1922 recording of the Shannon Quartet singing the chorus of "Down the Field"

The following year was Caleb's biggest and most renown success, "Down the Field", with music written by his roommate at Yale, Stanleigh Friedman. Caleb wrote the lyrics to the song which became a popular fight song within the Yale football team and at other Universities nationwide. The song was originally published in New Haven for piano and voice. This edition is also where Caleb adopted the title of C.W. O'Connor. One of the earliest recordings of "Down the Field" was made in 1909 by the Edison Military Band. In the late 1920s, it was recorded by Rudy Vallee & His Connecticut Yankees, becoming a signature tune for the band that was also featured in early Vitaphone shorts, such as 1931's Free and Easy starring Charlie McCarthy. Many years later at an alumni day in 1955, Caleb made it known that the final words to the fight song, "Harvard's team may fight to the end, but YALE will WIN!" were written by his former wife, Agnes-Longfellow Smith.

Caleb went on to publish numerous college songs including "Cheer Pennsylvania" for the University of Pennsylvania in 1906, and "Dear Western Maryland" for Western Maryland College following his marriage to Agnes-Longfellow Smith in 1909. According to the composer, the story goes as such, "'Dear Western Maryland' I wrote on the back of an envelope, on a train, on the way to Westminster, with my bride.

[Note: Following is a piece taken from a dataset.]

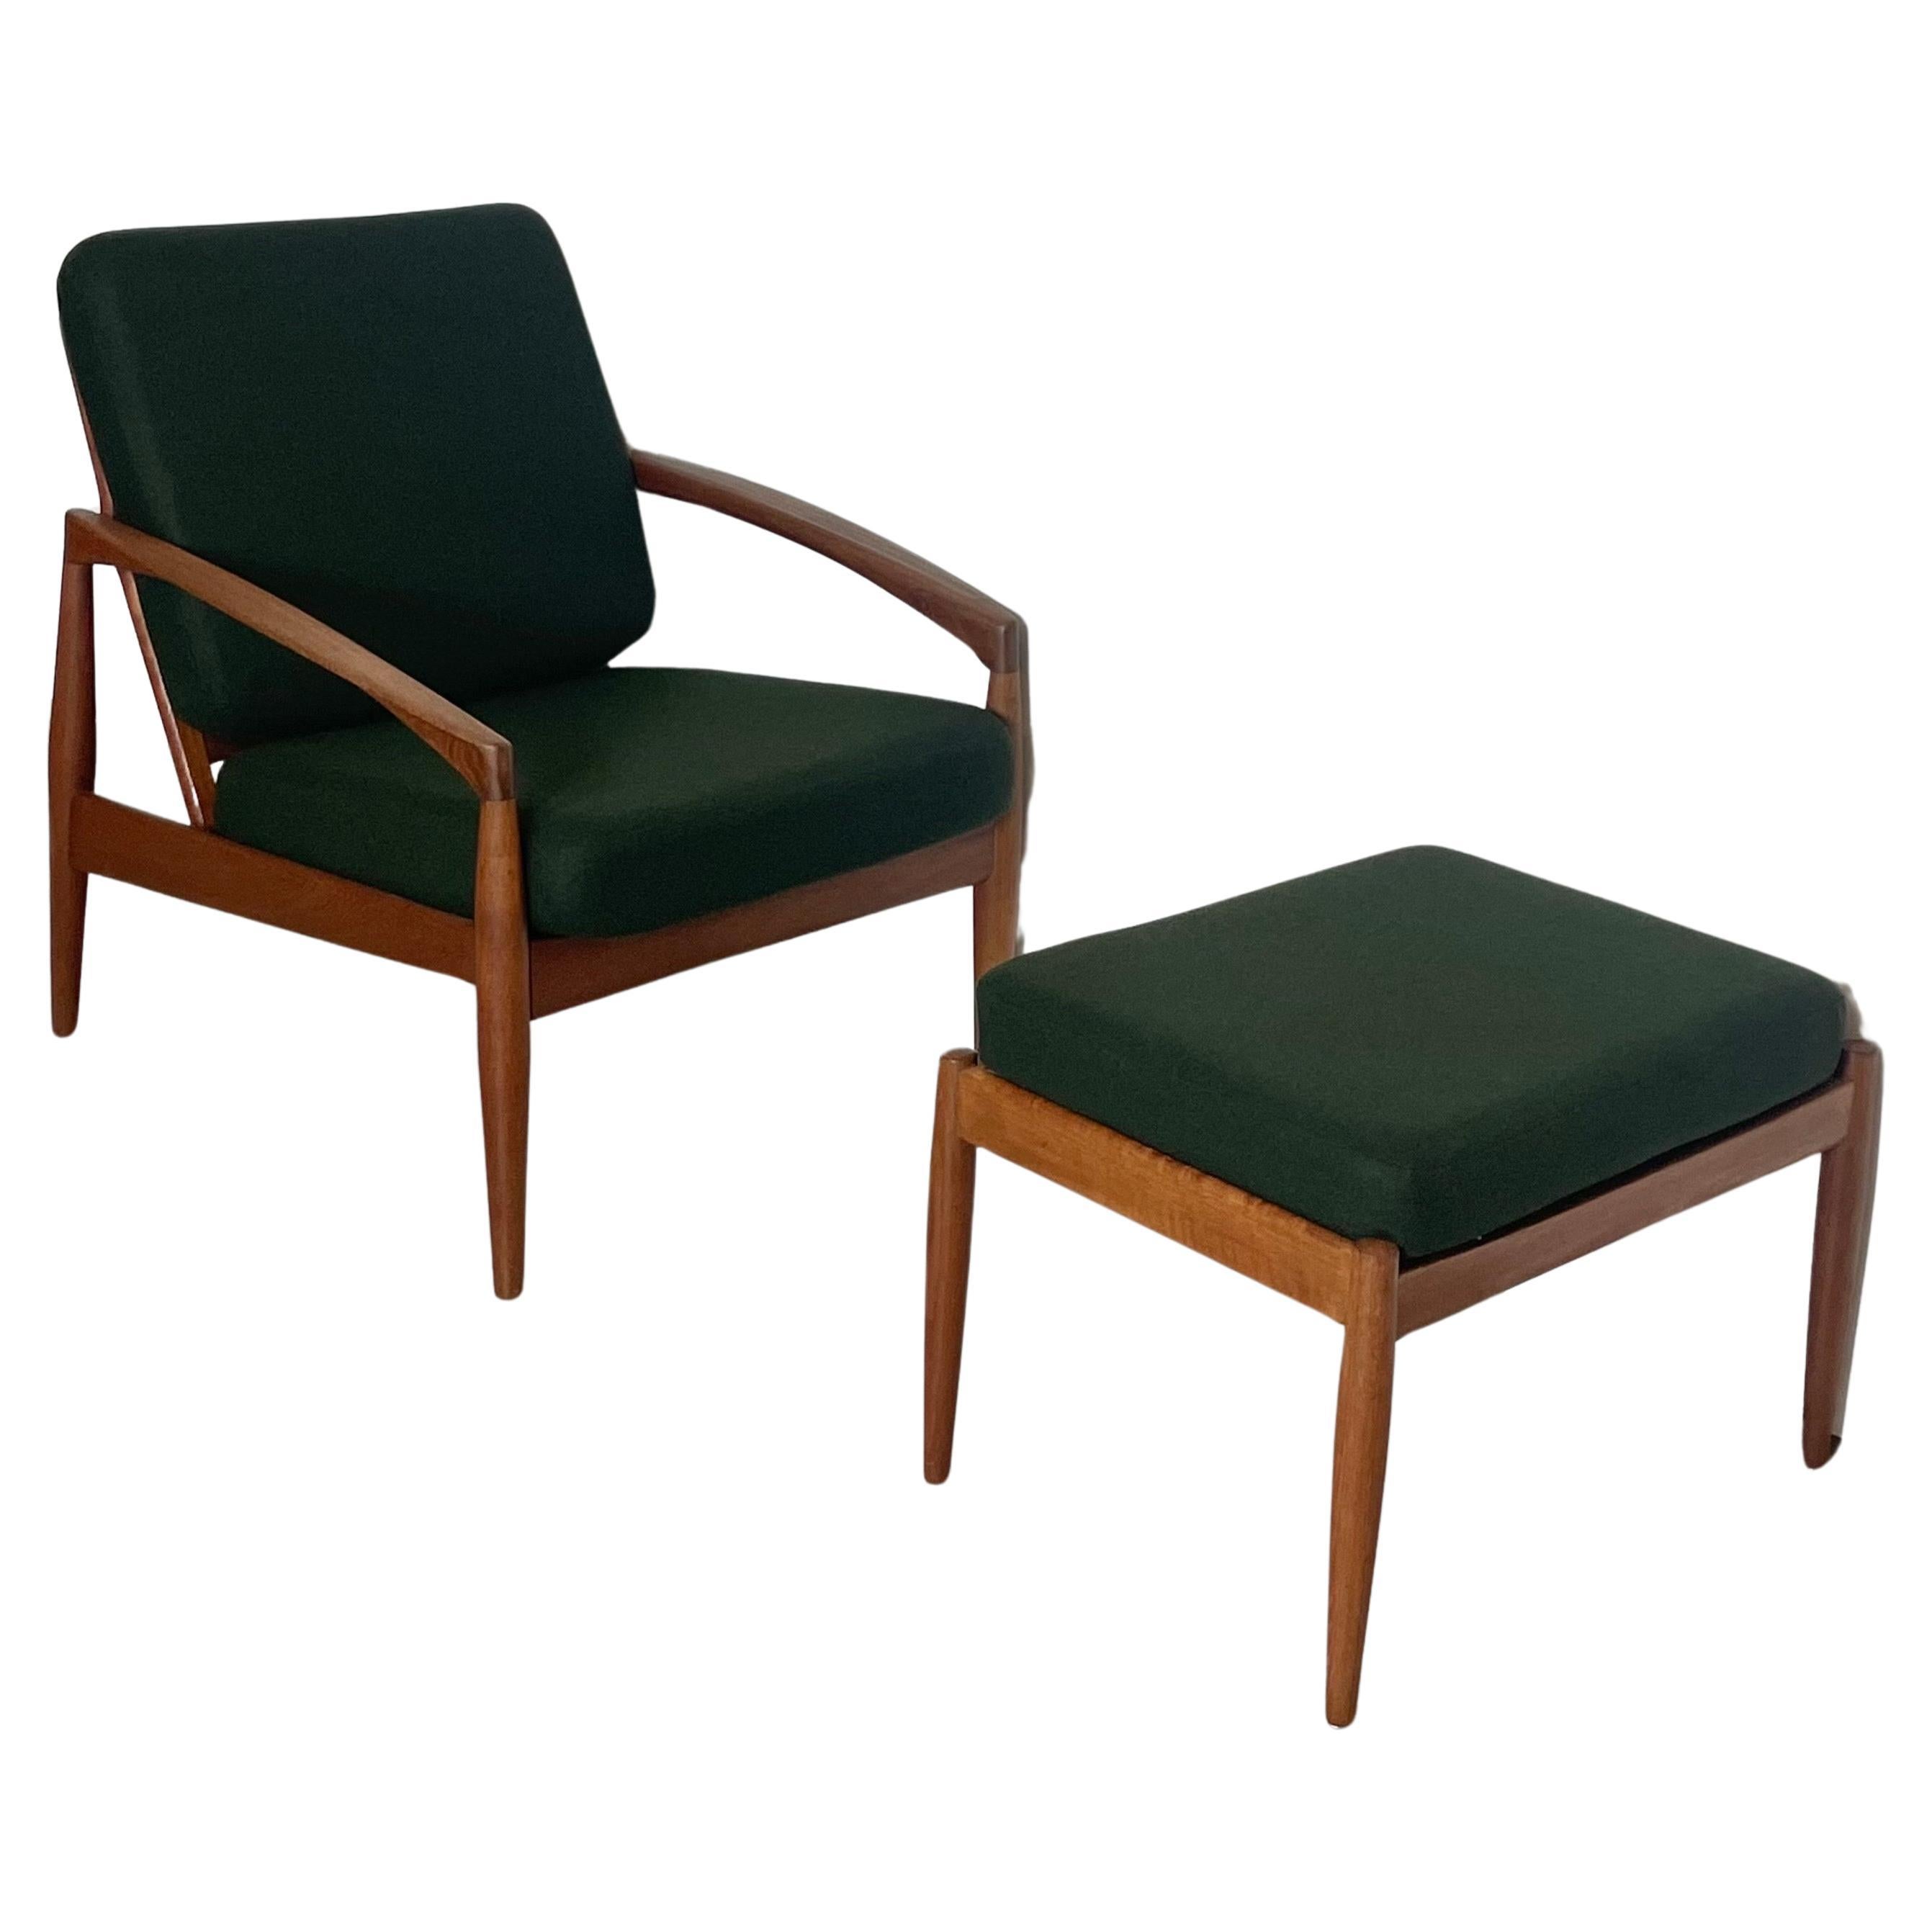 Un ensemble du design le plus célèbre de Kai Kristiansen : deux chaises 'Paper knife' fabriquées en bois de teck massif. L'une des chaises les plus gracieuses et les plus belles de la période moderne danoise. L'ensemble est complété par un ottomann
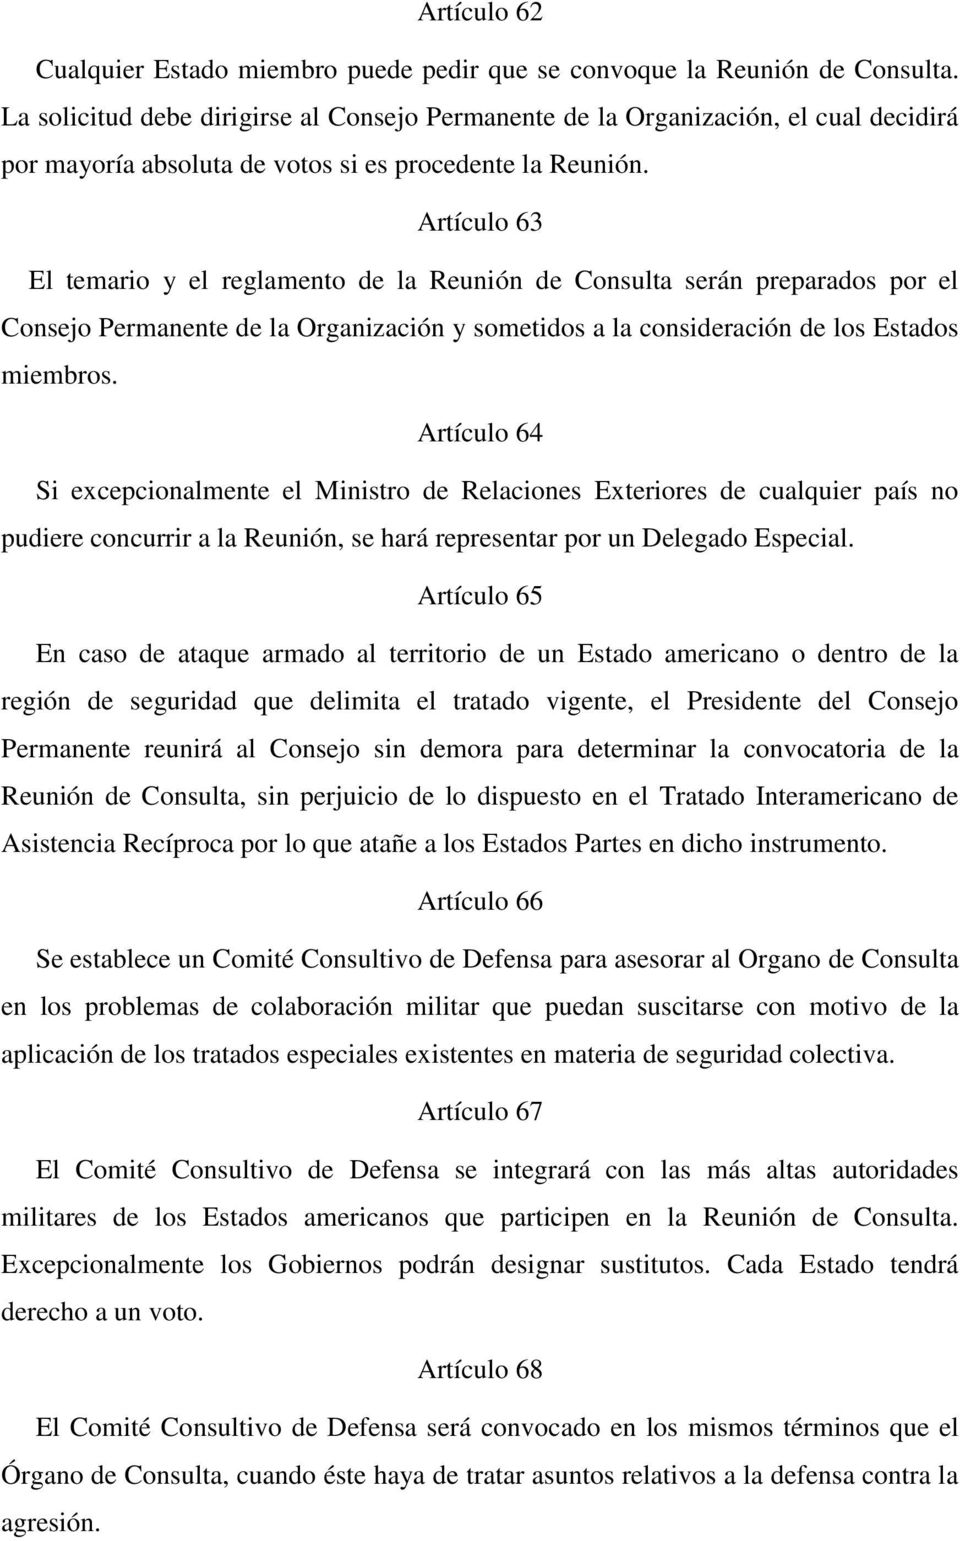 Artículo 63 El temario y el reglamento de la Reunión de Consulta serán preparados por el Consejo Permanente de la Organización y sometidos a la consideración de los Estados miembros.

And when I got to college, then we figured out how the tune should go. At first I could not play it on the piano, but my sweet girl could." Music publisher E.F. Droop & Sons, whom Caleb worked with in Washington, D.C., gave him the title of "College March King". An anonymous author wrote the following about Caleb and his songwriting experience: "The writer of these marches has been called, by Victor Herbert and others, "The College March King" because he has written more marches for more colleges than any writer and composer in the country.
DOWN THE FIELD (Yale),
WIN WESTERN MARYLAND,
CHEER PENSYLVANNIA,
ARMY, ARMY,
BAM, BAM! (Univ. of Alabama),
DEAR WESTERN MARYLAND,
LOU, LOU! (L.S.U.),
MARYLAND, MARYLAND!,
YALE FOREVER!"
O'Connor also wrote one known rag titled the "Capital City Rag" in 1905,
most likely referencing his hometown of Washington, D.C. It was originally written by O'Connor for the U.S. Marine Band.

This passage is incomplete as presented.